I think the reason why you get a response after 120 seconds is in -t 120.

6000 makes the session timeout around 1.6 hours. This may be a high number, If -t 6000 works, you may try lowering the session timeout.

adamtang79 · August 25, 2020, 11:25pm

I have not yet tested below statements.

Since there are only 1 worker and default is sync worker. Then 3 is waiting 1 and 1 is expired 120. Then 3 get executed. So, need to raise workers.

Joseph_Marie_Alba1 · August 25, 2020, 11:44pm

Yes. The point of using gunicorn is to have workers in production mode. The issue here is, after receiving the task, the worker passes it to the server (ERPNext python) and waits. Then, it gets caught by the timeout. Since there is only 1 worker, you have to wait for the new worker to get timedout before you can get back the answer after 120 seconds.

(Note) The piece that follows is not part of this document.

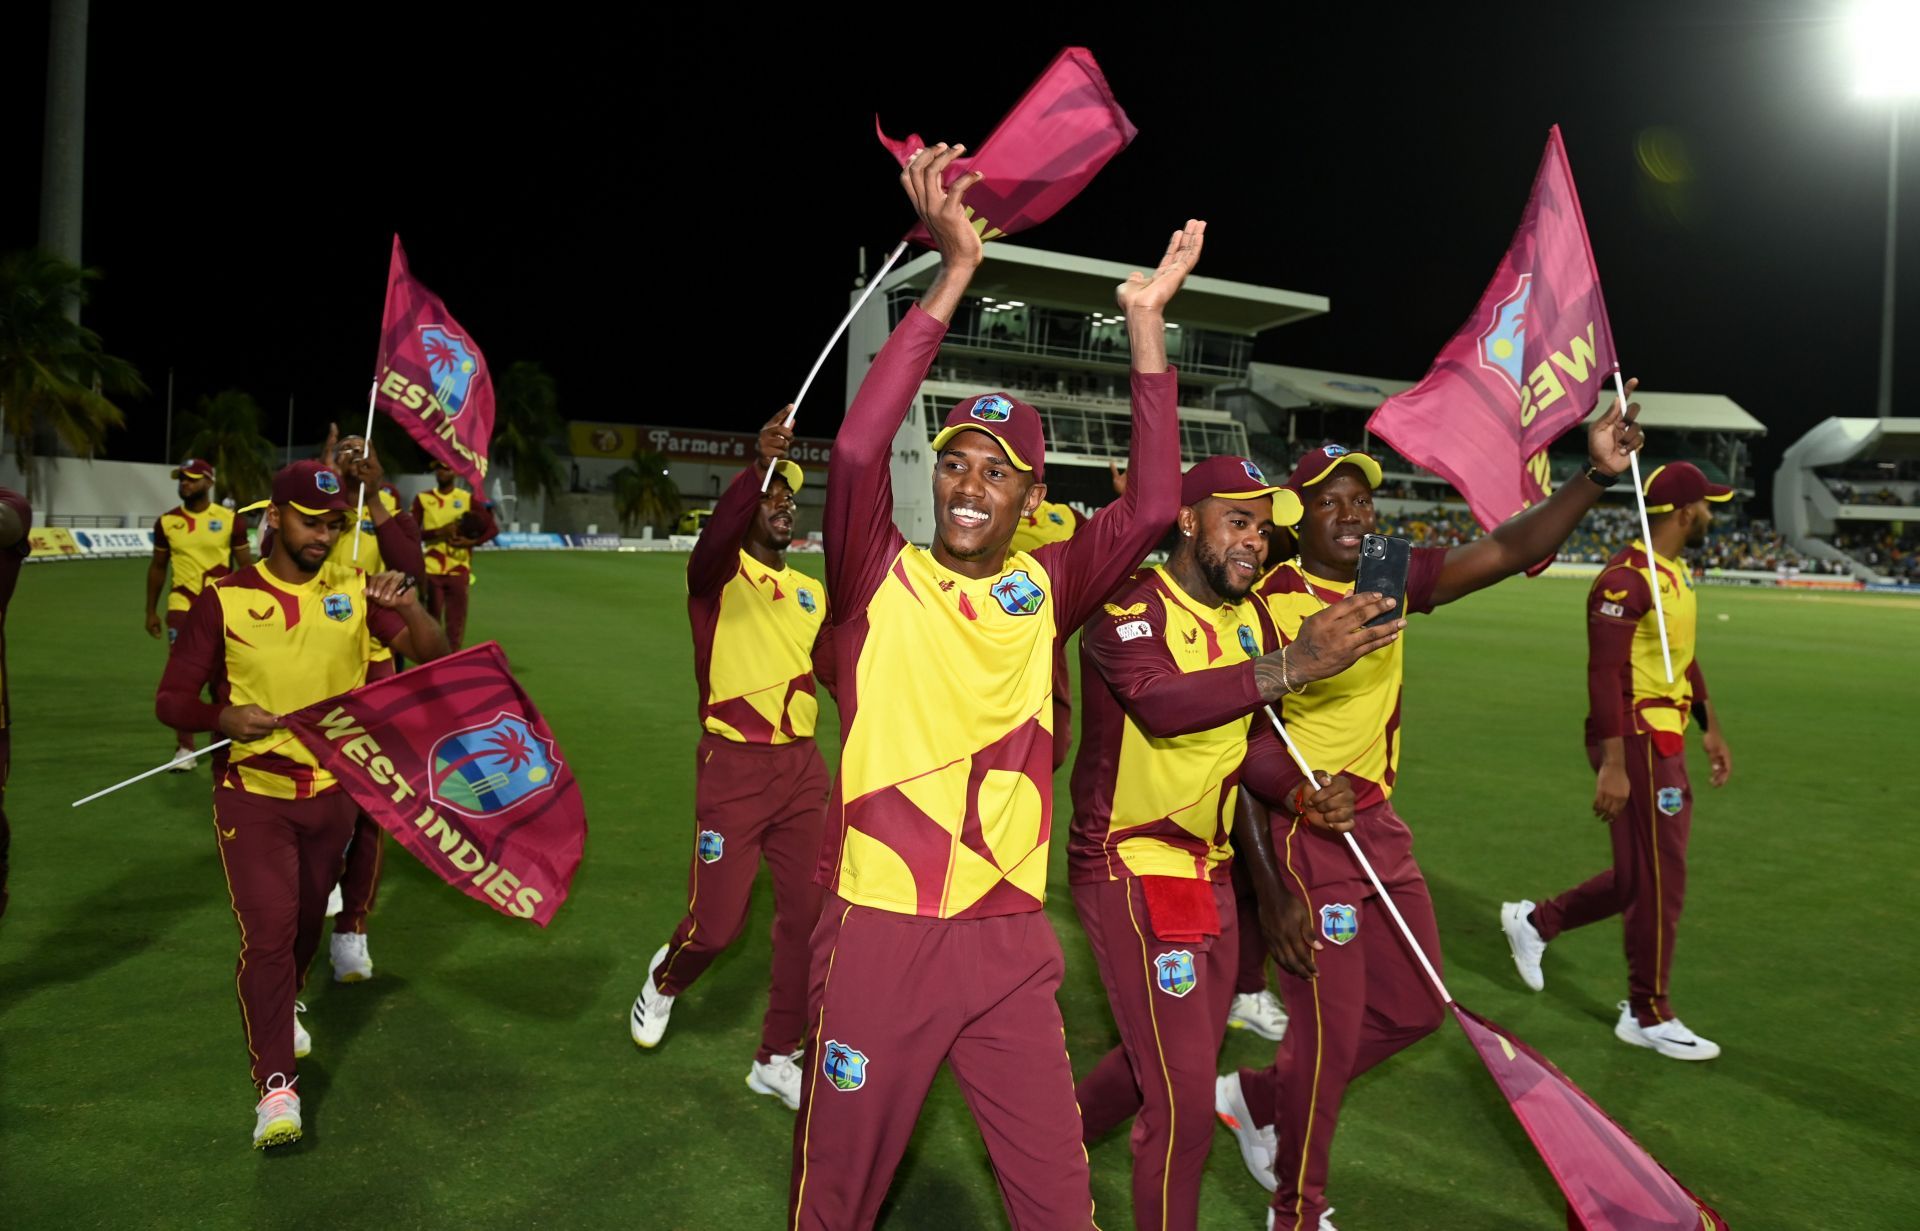 West Indies v England - T20 International Series Fifth T20I

So, the key is to increase the session -t timeout parameter to give it enough time.

You see this happen during the ERPNext version 12 start-up setup. bench start development mode does not get the request timeout issue. However, the production mode (bench restart) mode gets request timeout problems which can be solved by increasing the http_timeout parameter using bench command.

MartinHBramwell · August 26, 2020, 1:44am

I am not understanding why you say this.

With -w 1 I had a deadlock that took 120 seconds to resolve.
With -w 4 I no longer have deadlock and everything processes in about 1 second.

Why would I want to, stay with a single worker (-w 1) and, increase the deadlock to 1.6 hours?

It seems obvious that the root cause is the attempt at two-way communication with only one worker. The “key” was to Increase the number of workers from 1 to 4.

Joseph_Marie_Alba1 · August 26, 2020, 2:21am

Ok good. The recommended number of gunicorn workers is number_of_cores * 2 + 1.
So for a 4 core CPU the recommended setting is 9. For 2 core it is 3.

With regards to -t setting, the reason why you need to wait for 120 seconds when you had only one worker is that gunicorn killed the worker which was waiting for the API server response.

I think - here I am guessing - to have a precise timeout setting, you can try setting -t to a higher timeout number until you no longer have a timeout problem with one worker only. When you have this precise timeout setting, you can increase your gunicorn workers. Then you have an efficient system that does not kill workers which are just about ready to receive the API Server response.